*THE PROBLEM*:
For this exercise, restate word for word only the lines from the one containing "Is the DockATot safe? - Kids First Pediatric" through the last line below. Pictures do not get copied.
---------- DATA PROVIDED ----------
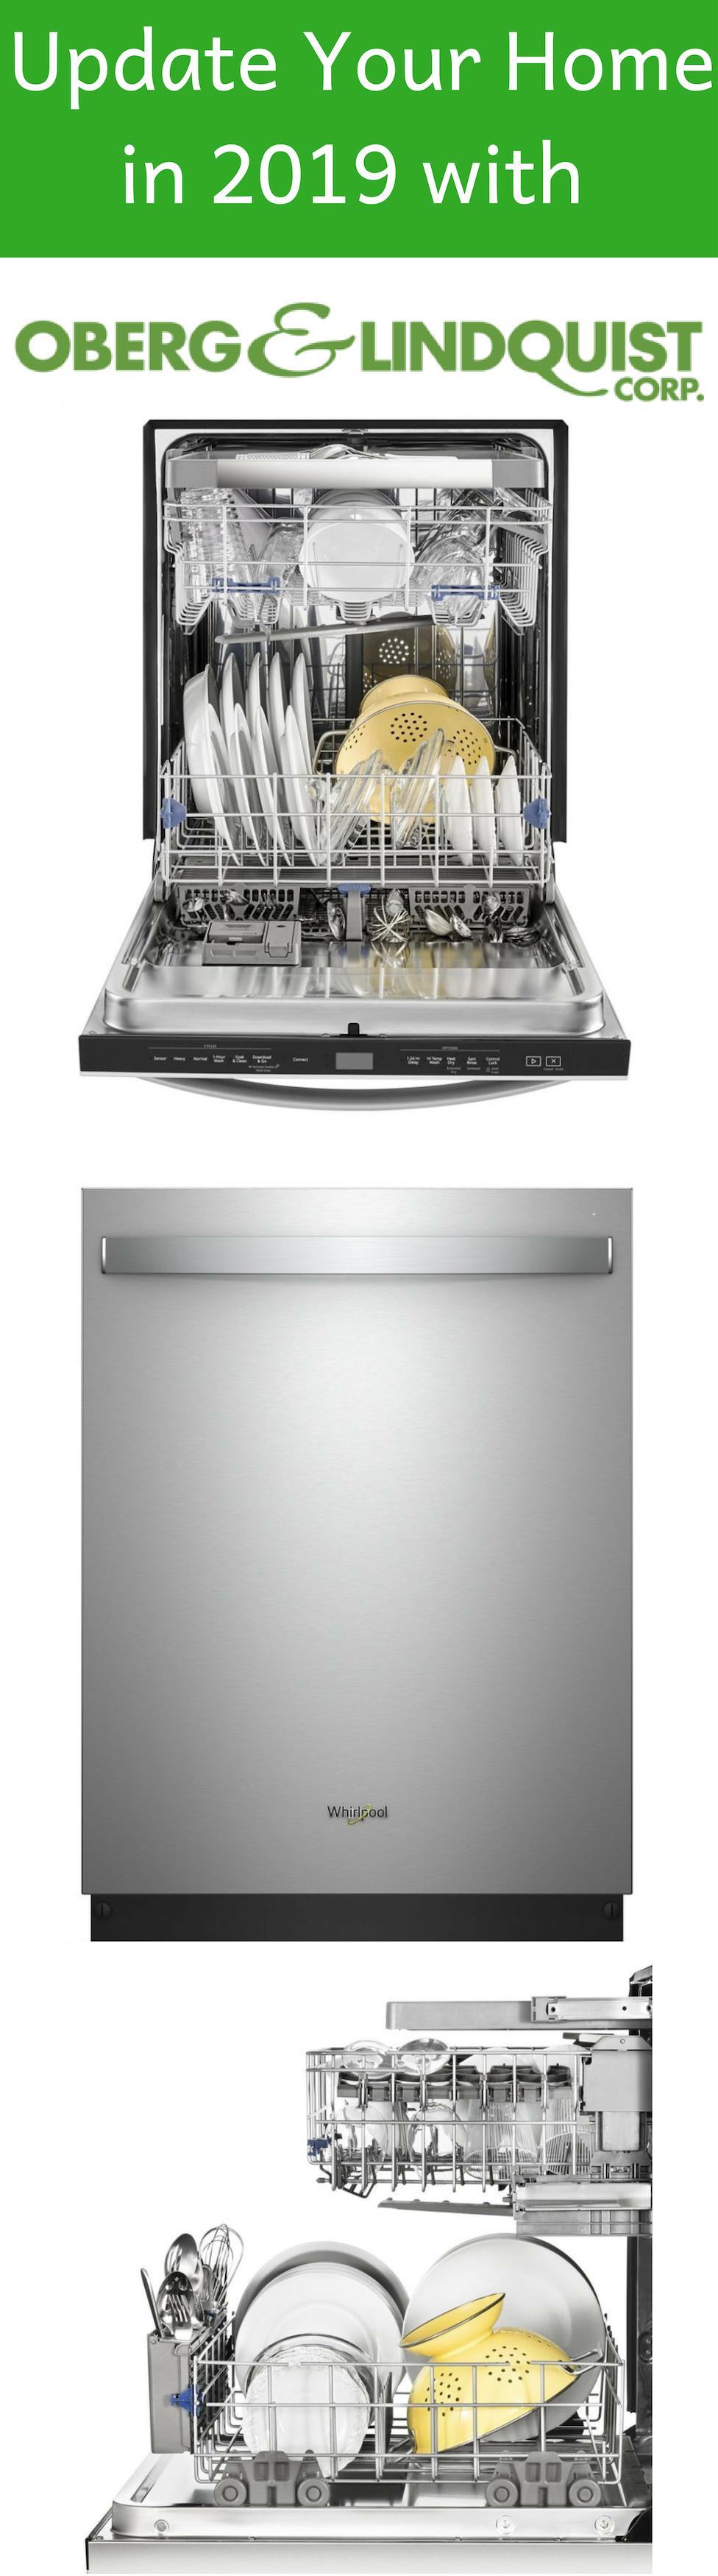 Appliances On Sale In Celebration Of Presidents Day Presidentsdaysale Appliances B Retro Kitchen Appliances Kitchenaid Refrigerator Energy Star Appliances
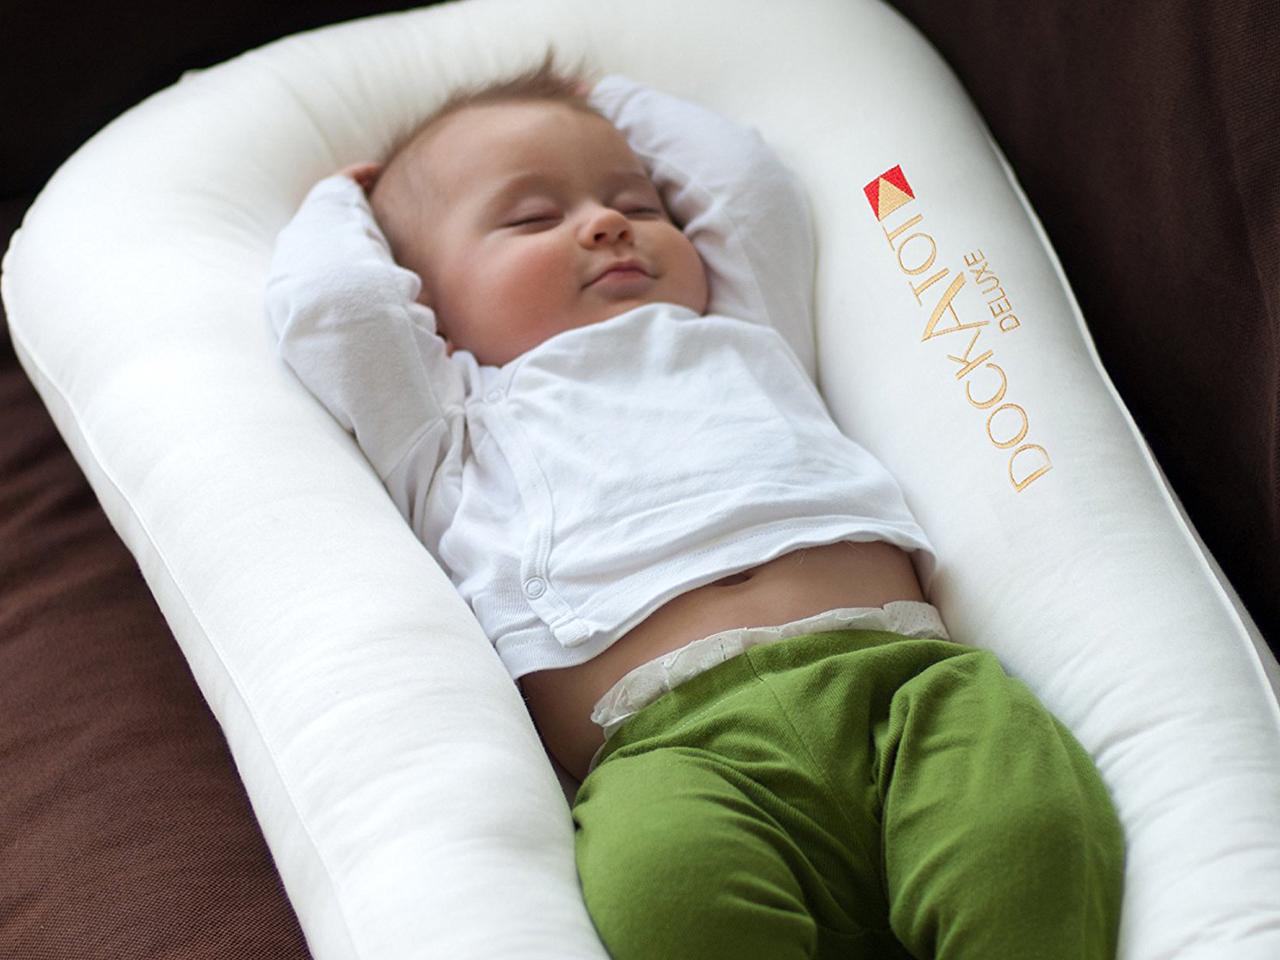 Is the DockATot safe? - Kids First Pediatric
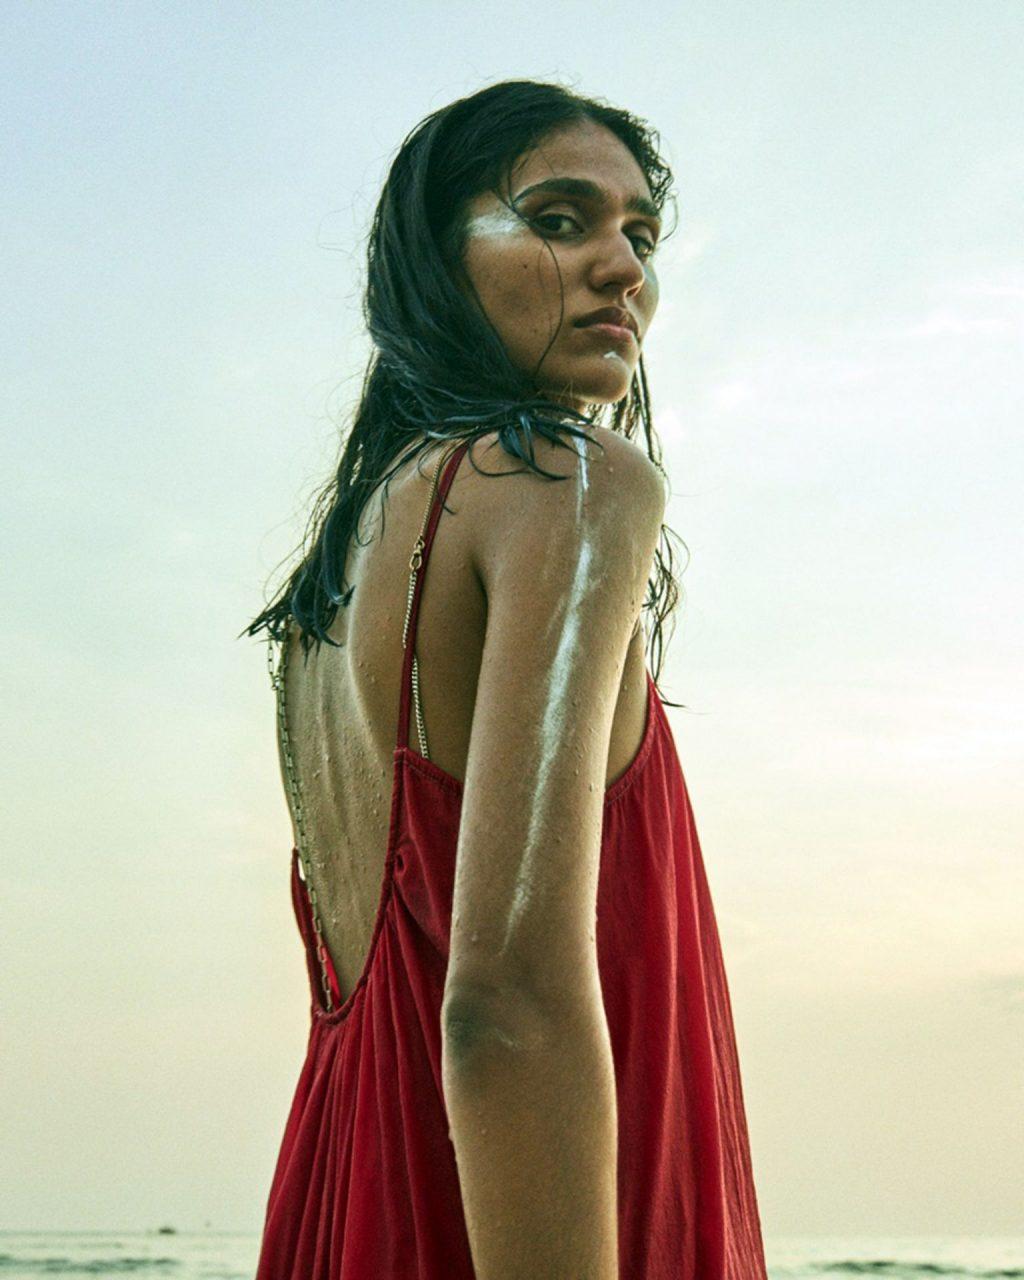 Hannah Wick, Nikki McGuire, Priya Jain Pose for All Saints Campaign (9 Photos)
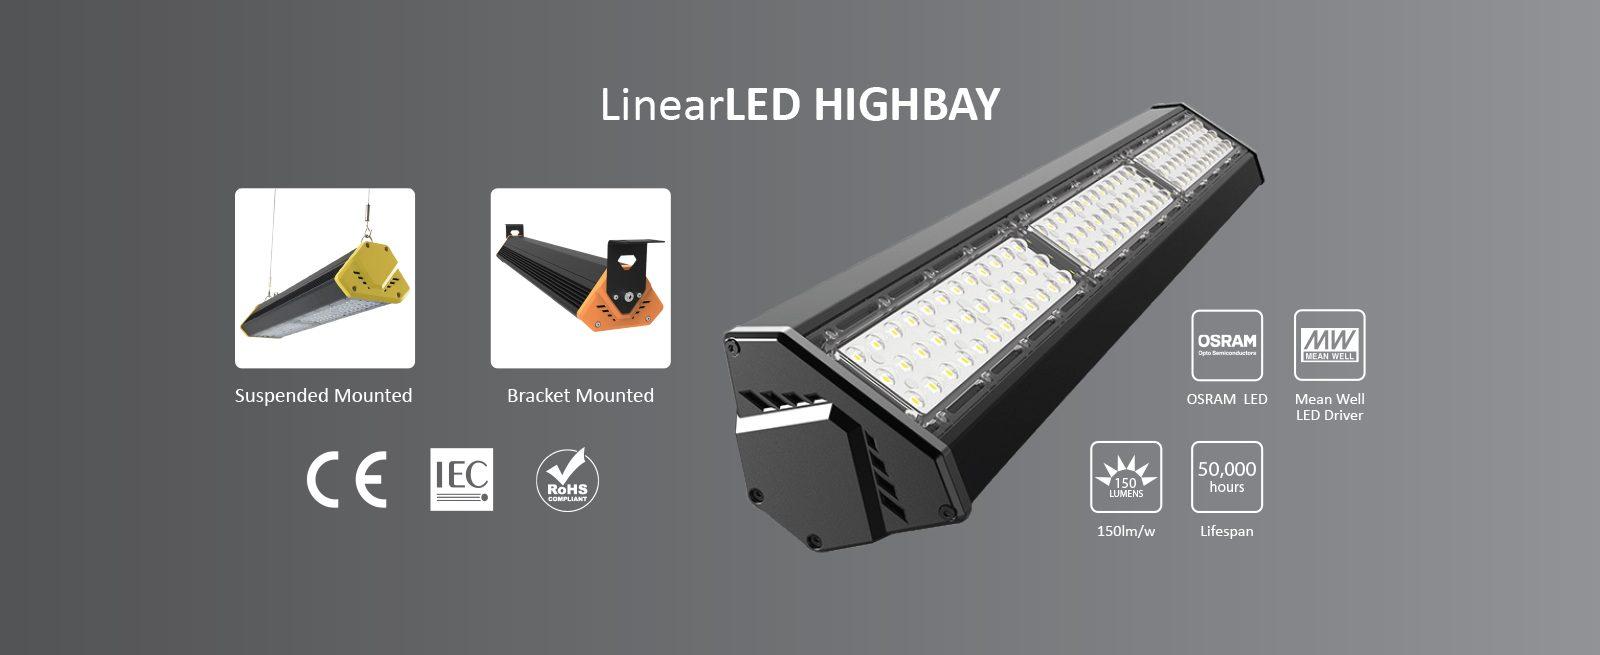 LinearLED Highbay
----------
*ANSWER SECTION*:
 Is the DockATot safe? - Kids First Pediatric
 Hannah Wick, Nikki McGuire, Priya Jain Pose for All Saints Campaign (9 Photos)
 LinearLED Highbay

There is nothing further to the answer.